→ INPUT DATA:
---------------

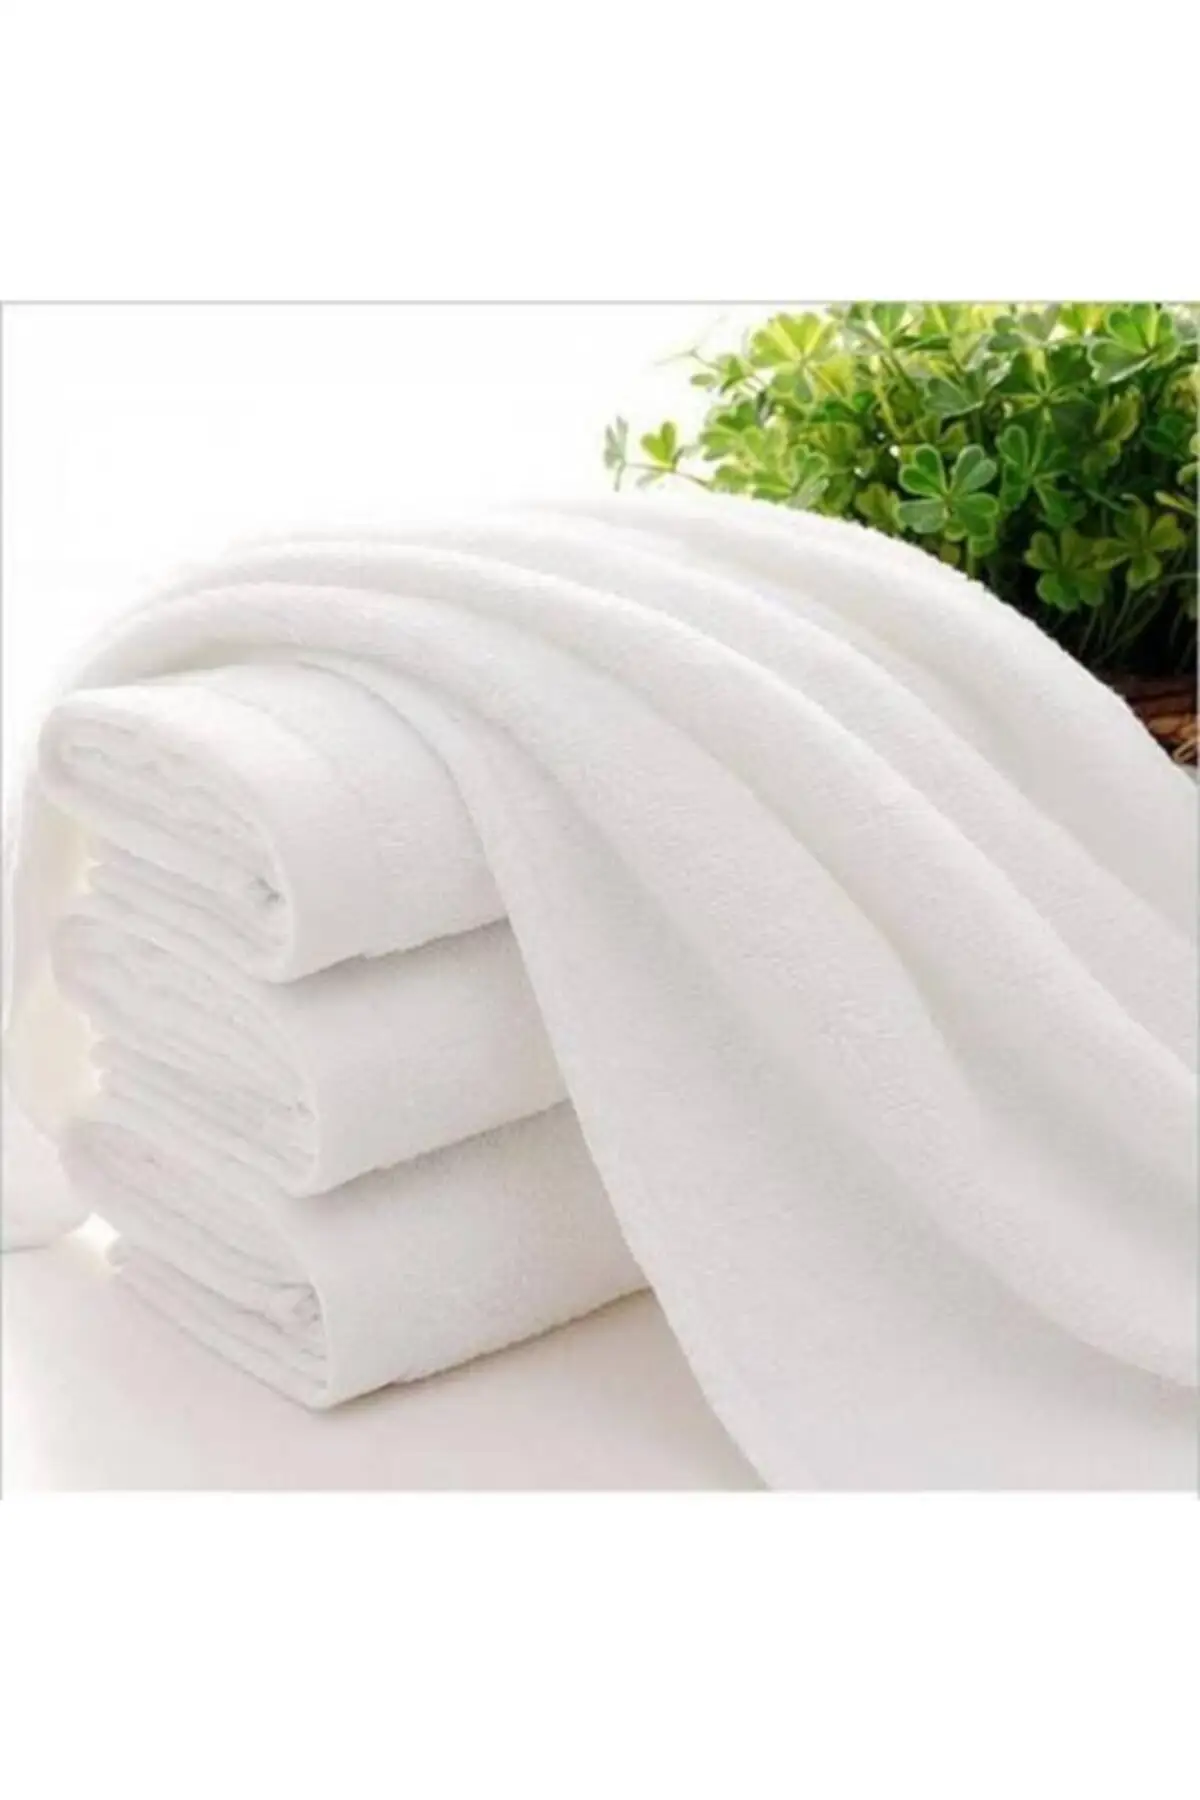 

Банное полотенце, чистый мягкий 5 шт., для отелей и банных полотенец s 70x140 см
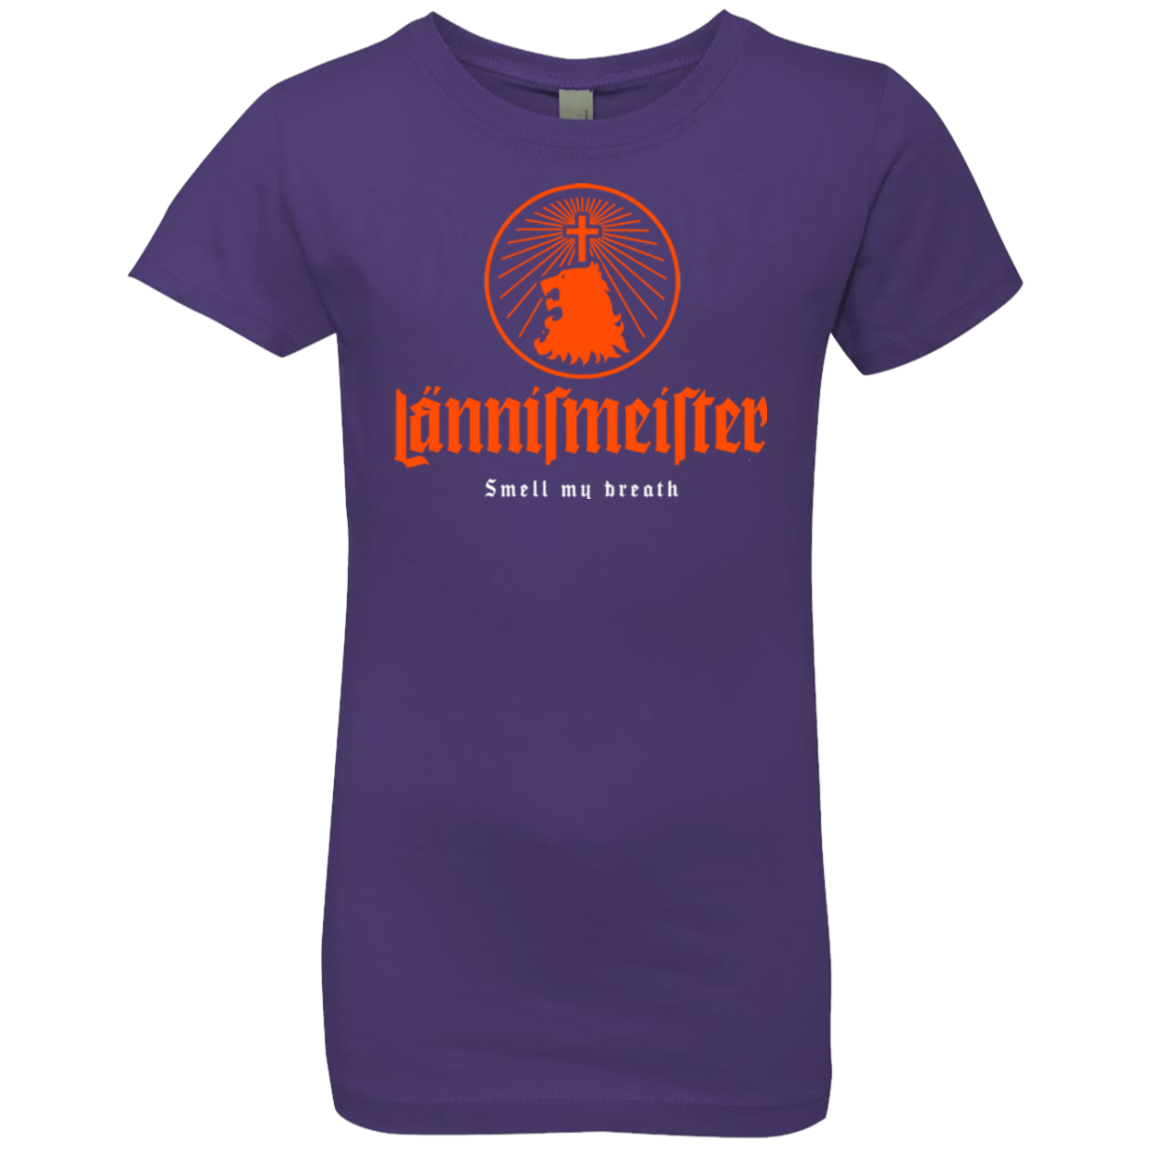 Lannismeister Girls Premium T-Shirt
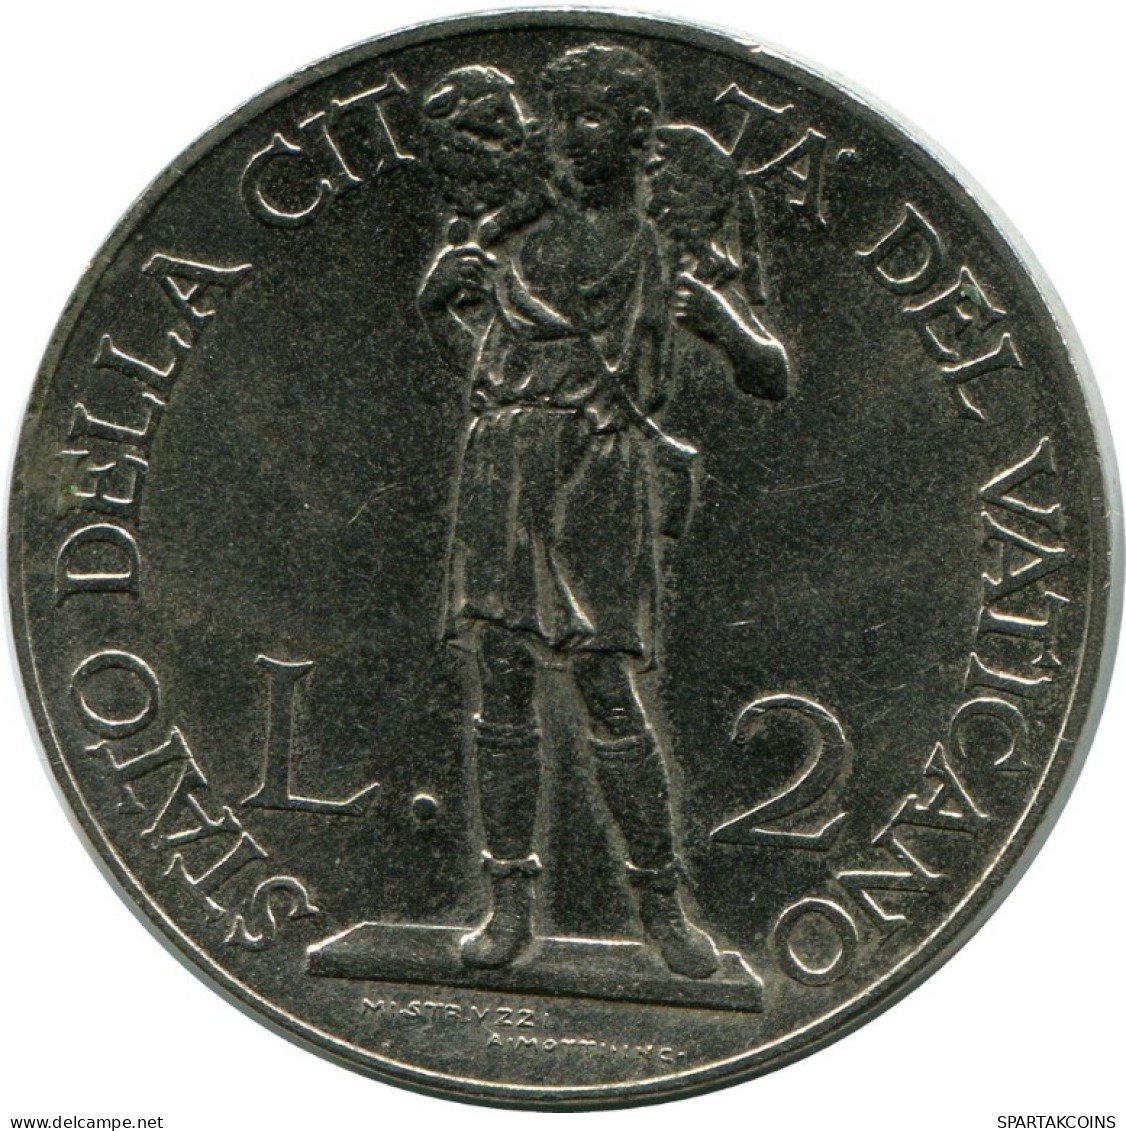 2 LIRE 1937 VATICAN Coin Pius XI (1922-1939) #AH300.16.U.A - Vatican
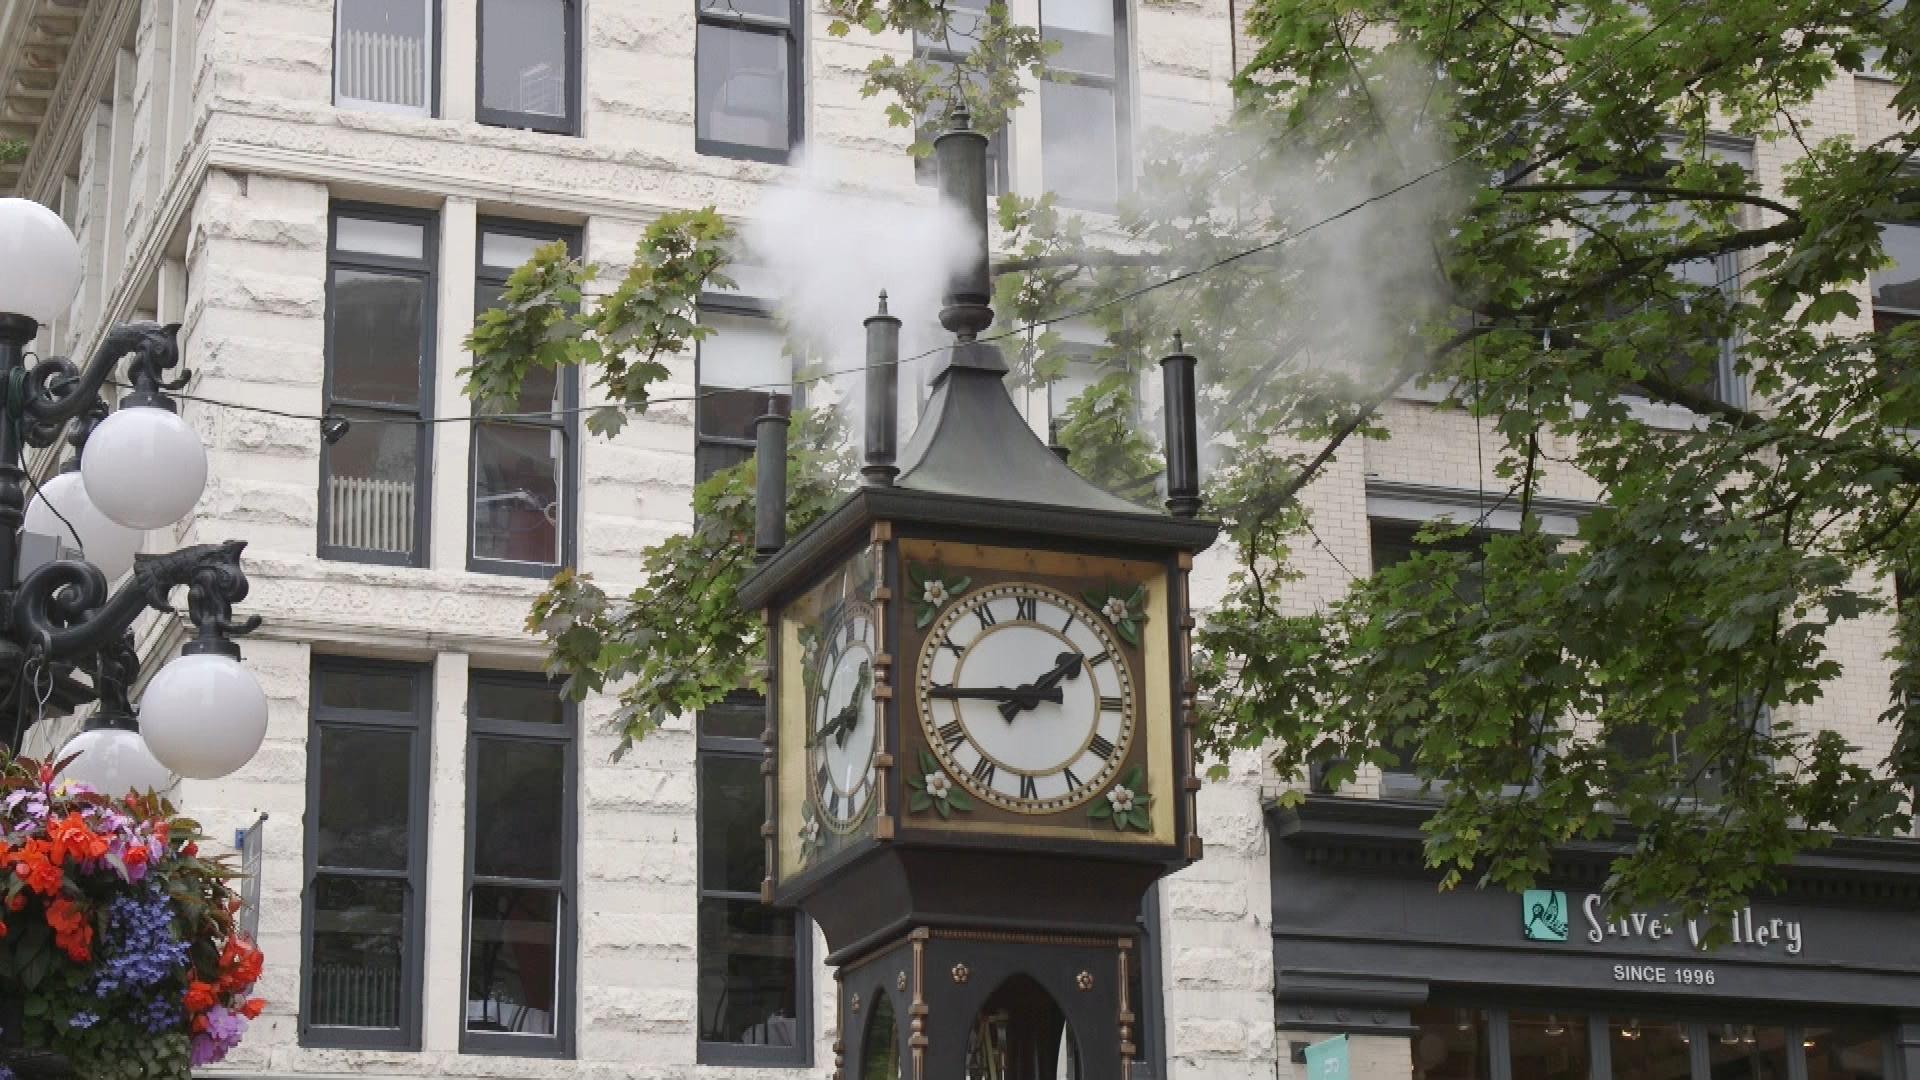 Gastown steam clock
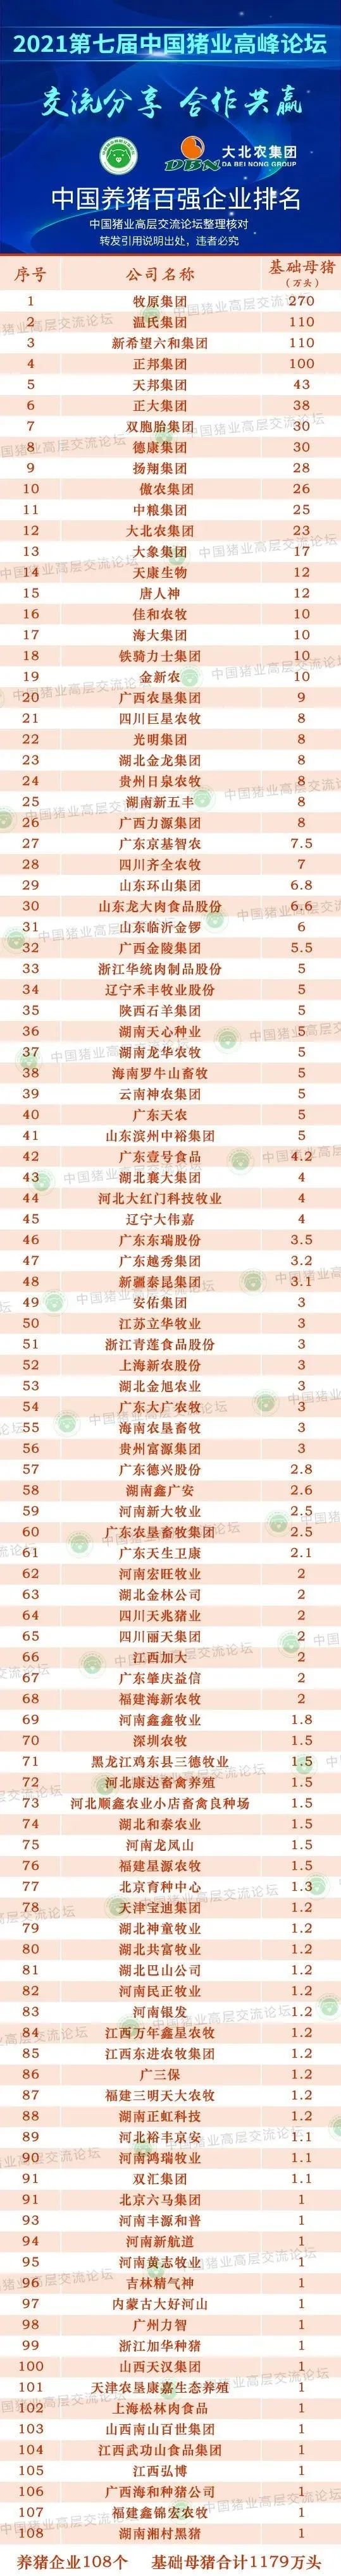 2021中国养猪百强企业排行榜

---------------

→ WHAT IS EXPECTED: Could the entries above be printed again exactly, apart from the pictures?

→ RESPONSE:
Банное полотенце, чистый мягкий 5 шт., для отелей и банных полотенец s 70x140 см
 Lannismeister Girls Premium T-Shirt
 2 LIRE 1937 VATICAN Coin Pius XI (1922-1939) #AH300.16.U.A - Vatican
 Gastown steam clock
 2021中国养猪百强企业排行榜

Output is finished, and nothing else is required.